──────── Data excerpt ────────

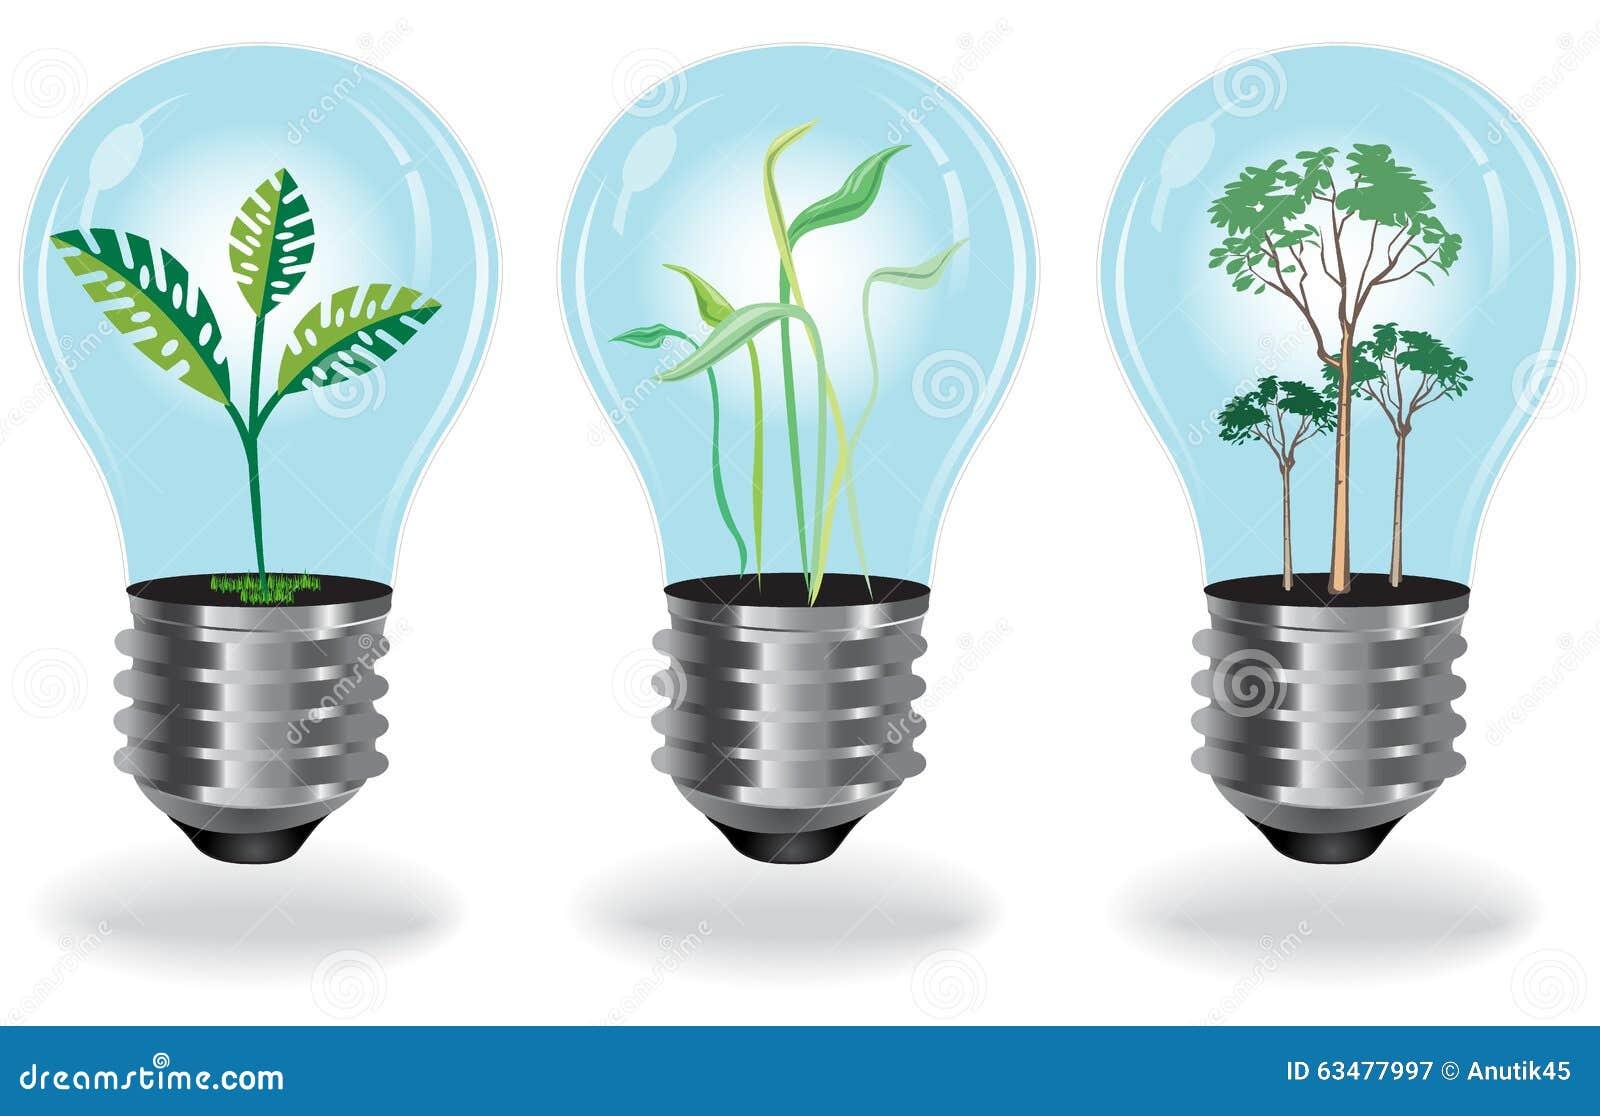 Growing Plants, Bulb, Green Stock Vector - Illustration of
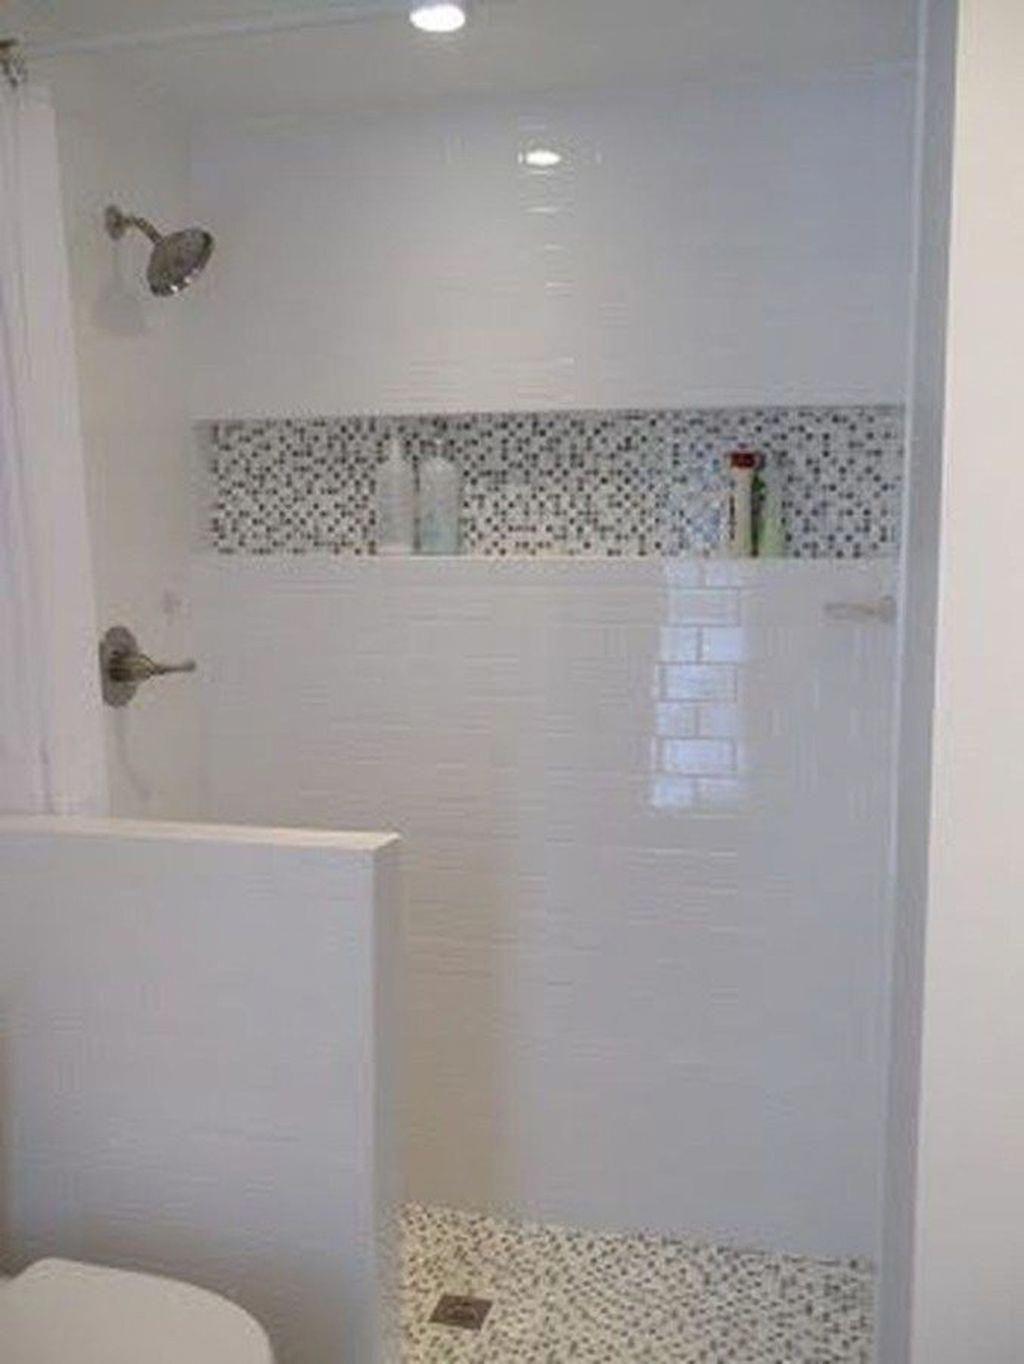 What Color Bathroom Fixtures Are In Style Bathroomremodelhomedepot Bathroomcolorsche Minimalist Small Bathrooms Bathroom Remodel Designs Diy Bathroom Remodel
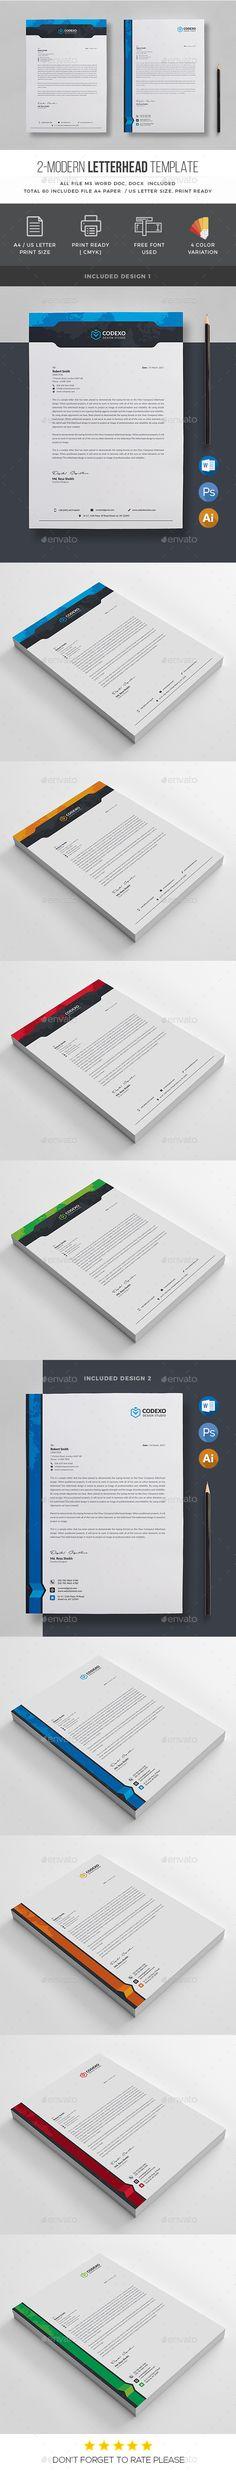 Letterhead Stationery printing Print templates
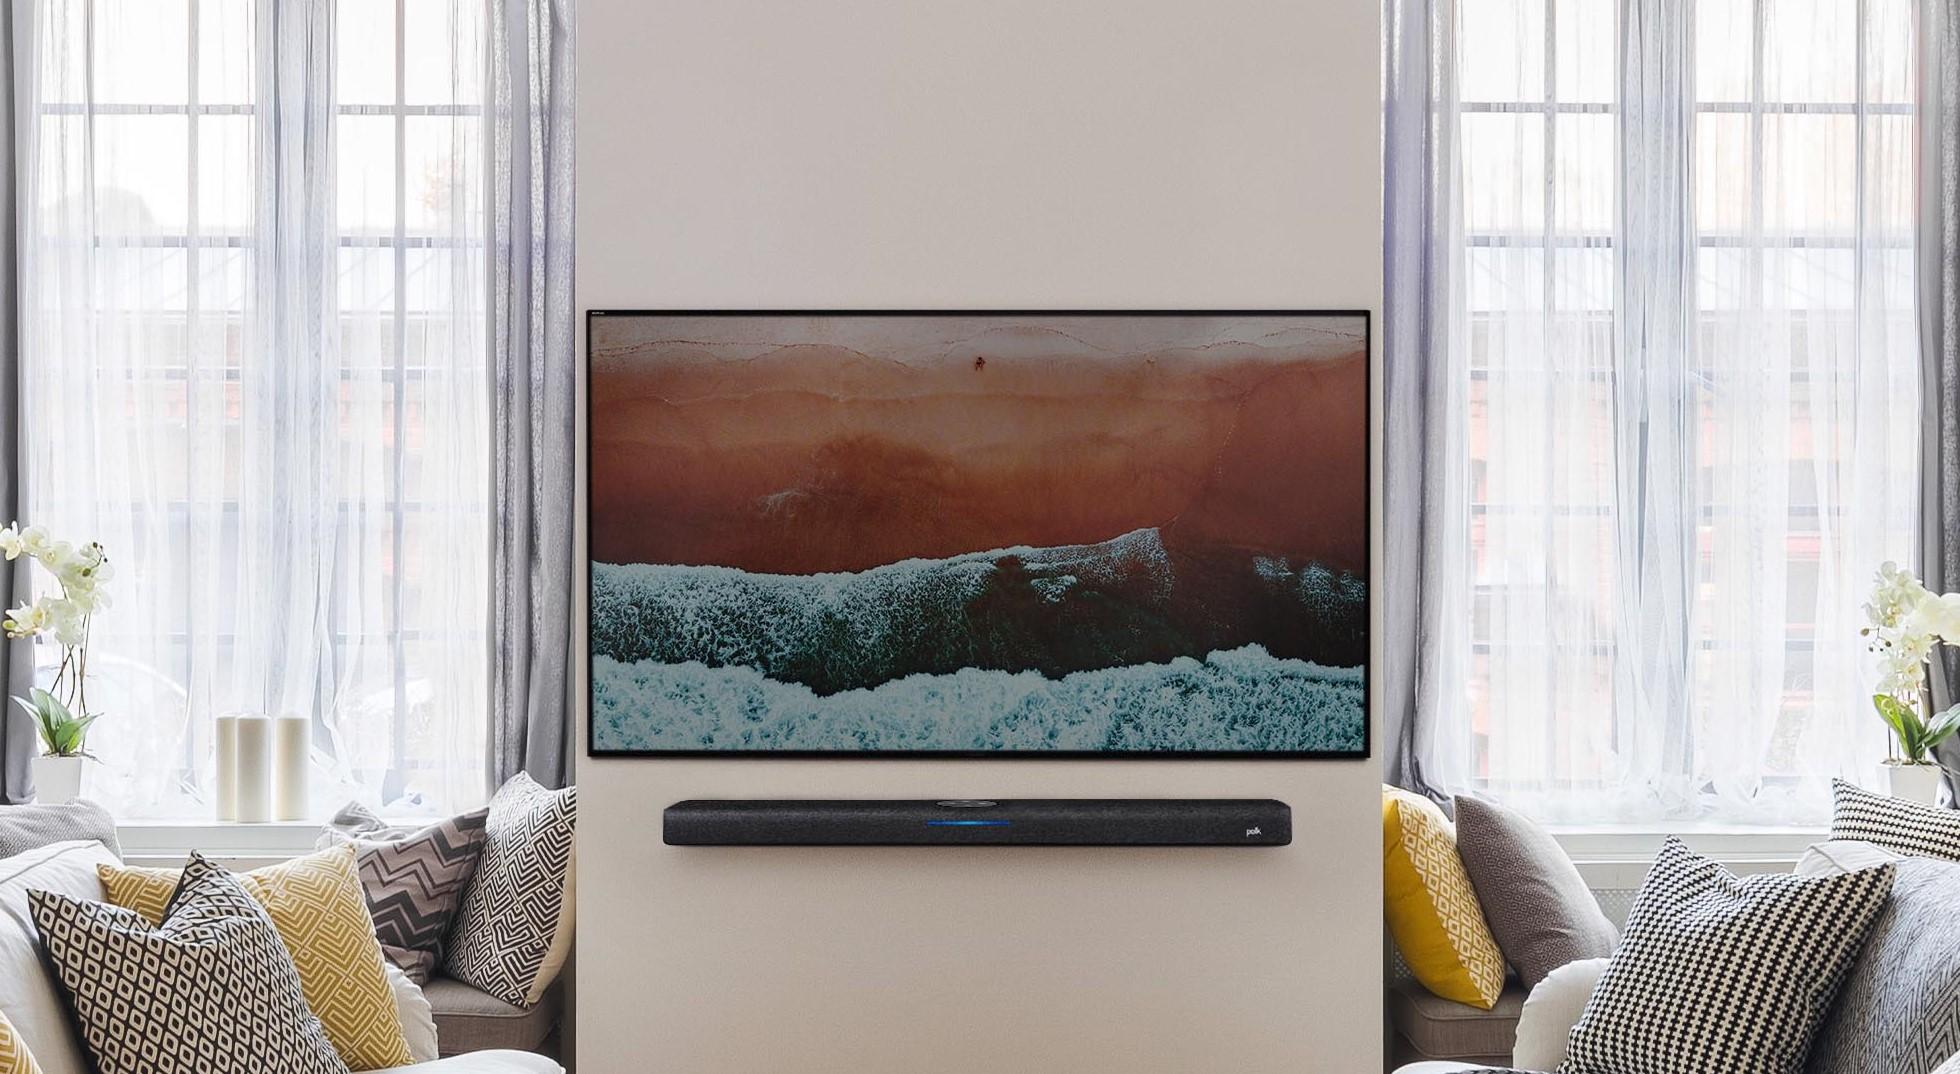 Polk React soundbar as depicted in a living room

────────

Everything from the line that contains "What Color Bathroom" through the final line of the material should be returned exactly, except the pictures.

 What Color Bathroom Fixtures Are In Style Bathroomremodelhomedepot Bathroomcolorsche Minimalist Small Bathrooms Bathroom Remodel Designs Diy Bathroom Remodel
 Letterhead Stationery printing Print templates
 Polk React soundbar as depicted in a living room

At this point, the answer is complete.